Europe: The Licensing Era and Its Limits

Europe approved BESREMi® first, but PharmaEssentia did not commercialize it there directly.

In 2009 — a decade before the drug reached patients — PharmaEssentia exclusively licensed the rights to develop and commercialize ropeginterferon alfa-2b for European, CIS, and Middle Eastern markets to AOP Orphan Pharmaceuticals (now AOP Health), a Vienna-based rare disease specialist. The Phase III PROUD-PV trial that underpinned the European Medicines Agency approval in 2019 enrolled over 260 patients across 14 countries and 50 centers across Europe, generating the clinical evidence base that would eventually support regulatory submissions worldwide, including in the United States and Japan.

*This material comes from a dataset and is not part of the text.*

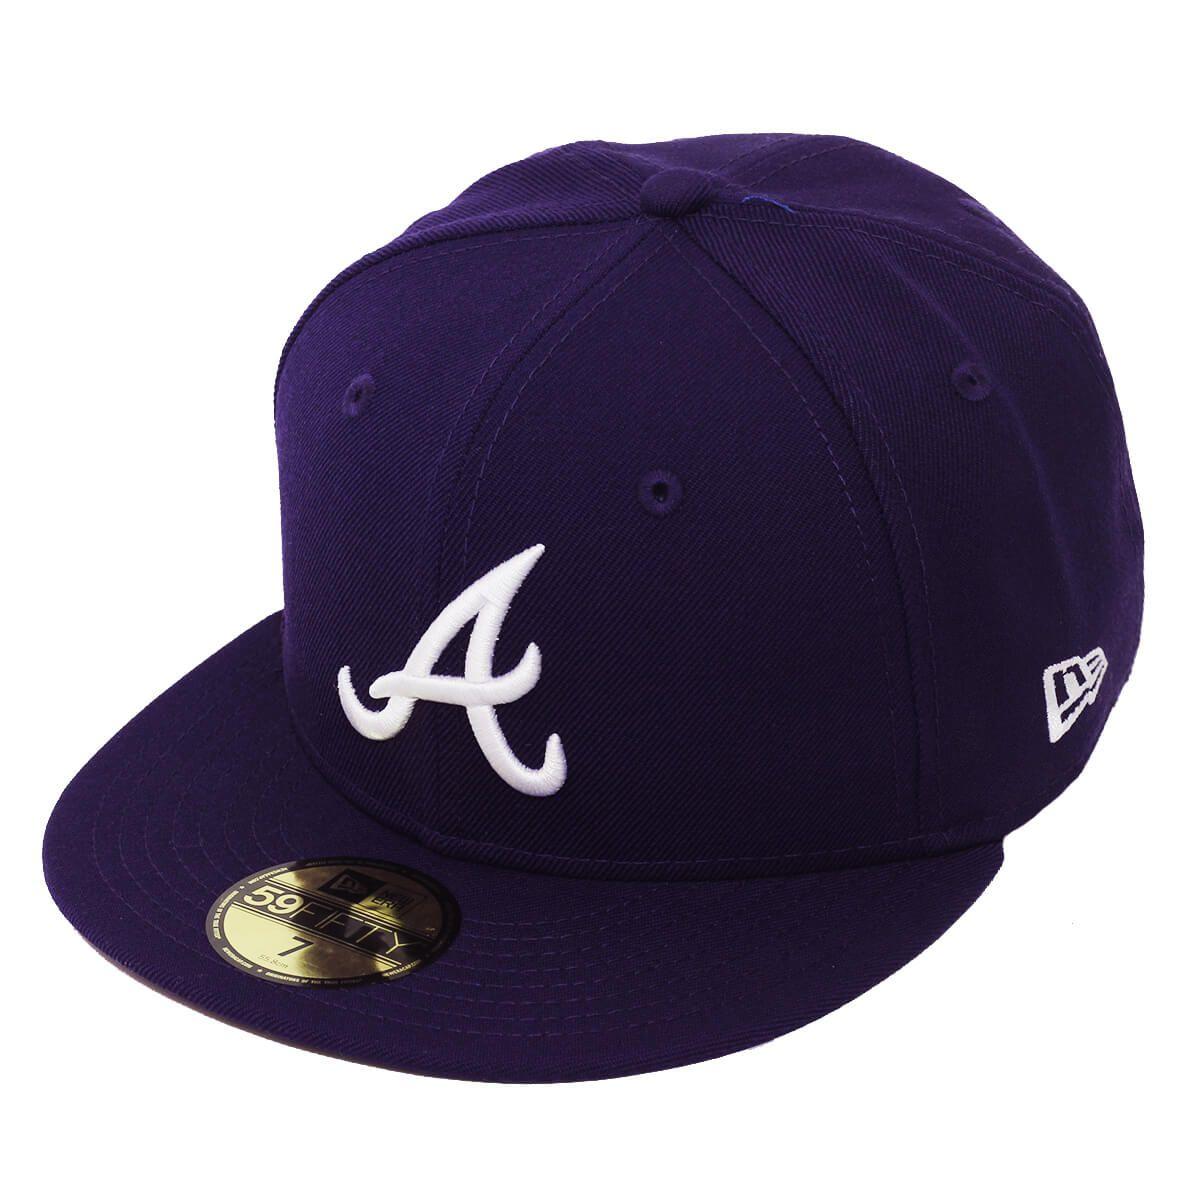 Boné New Era Aba Reta 5950 MLB Atlanta Basic Colors Roxo
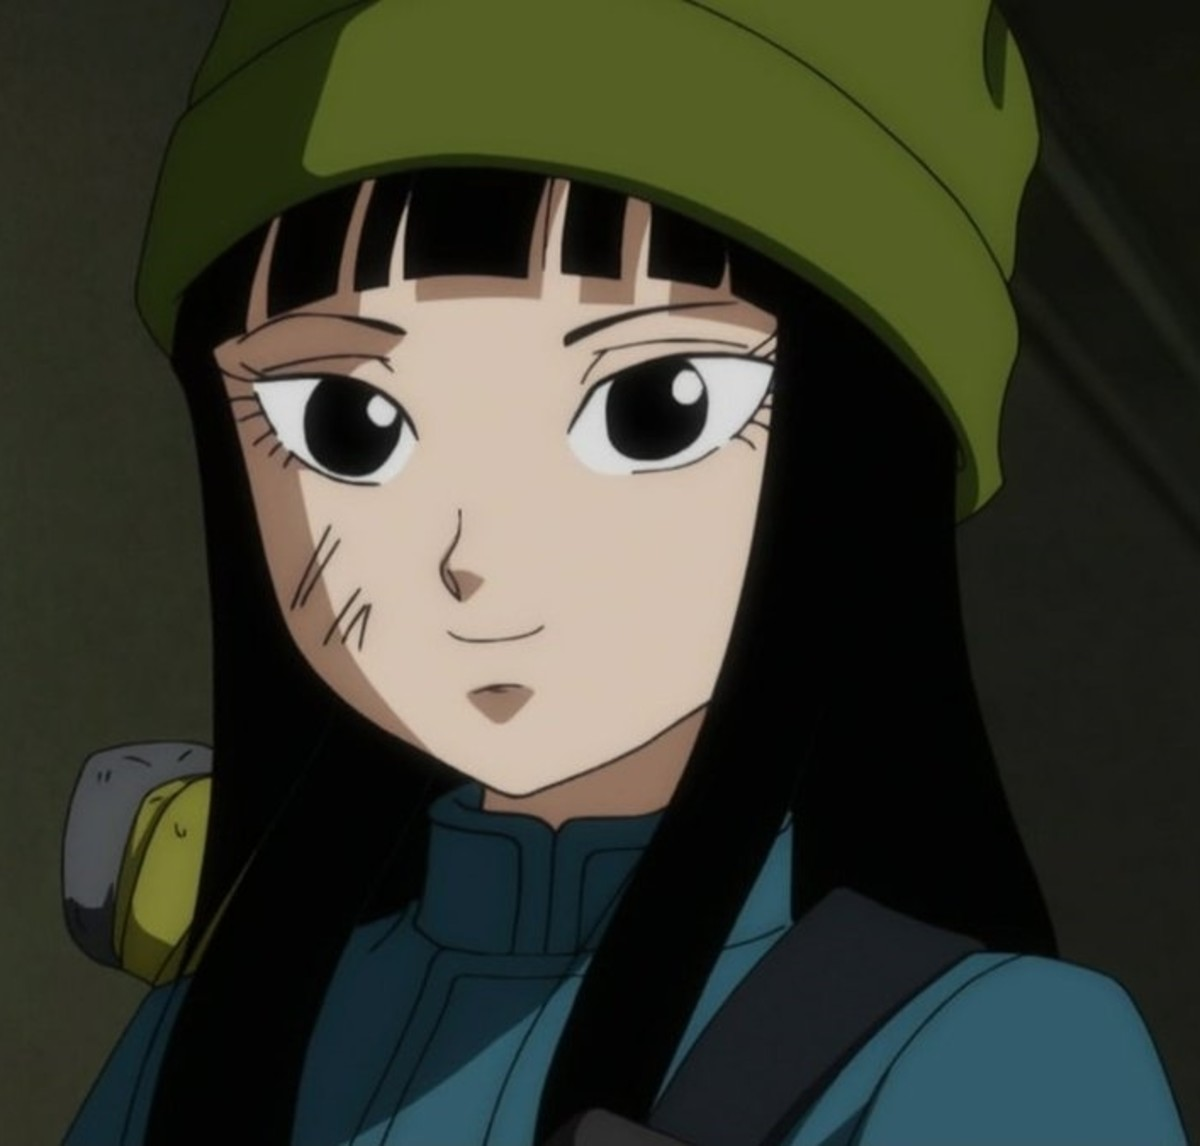 Mai in Future Trunks's timeline

The licensing model was the standard playbook for emerging-market biotech entering Europe: partner with a specialist that carries the commercial, regulatory, and logistical overhead of EU market access, share the economics, preserve IP rights for other geographies. AOP Health built BESREMi® into a treatment used by approximately 12,600 patients across Europe, the CIS, and the Middle East.

But the relationship frayed. Beginning in 2017, PharmaEssentia made repeated attempts to terminate the licensing agreement with AOP Health, a process that triggered a cascade of international arbitration proceedings lasting nearly a decade. In February 2025, an International Chamber of Commerce tribunal issued a partial final award in AOP Health’s favor, finding PharmaEssentia liable for intentional breaches. In April 2026, the Frankfurt Higher Regional Court dismissed PharmaEssentia’s application to set aside that award and declared it enforceable, though an appeal to the German Federal Court of Justice remains possible. At its May 2026 investor conference, PharmaEssentia stated it hopes to resolve the AOP arbitration through negotiation.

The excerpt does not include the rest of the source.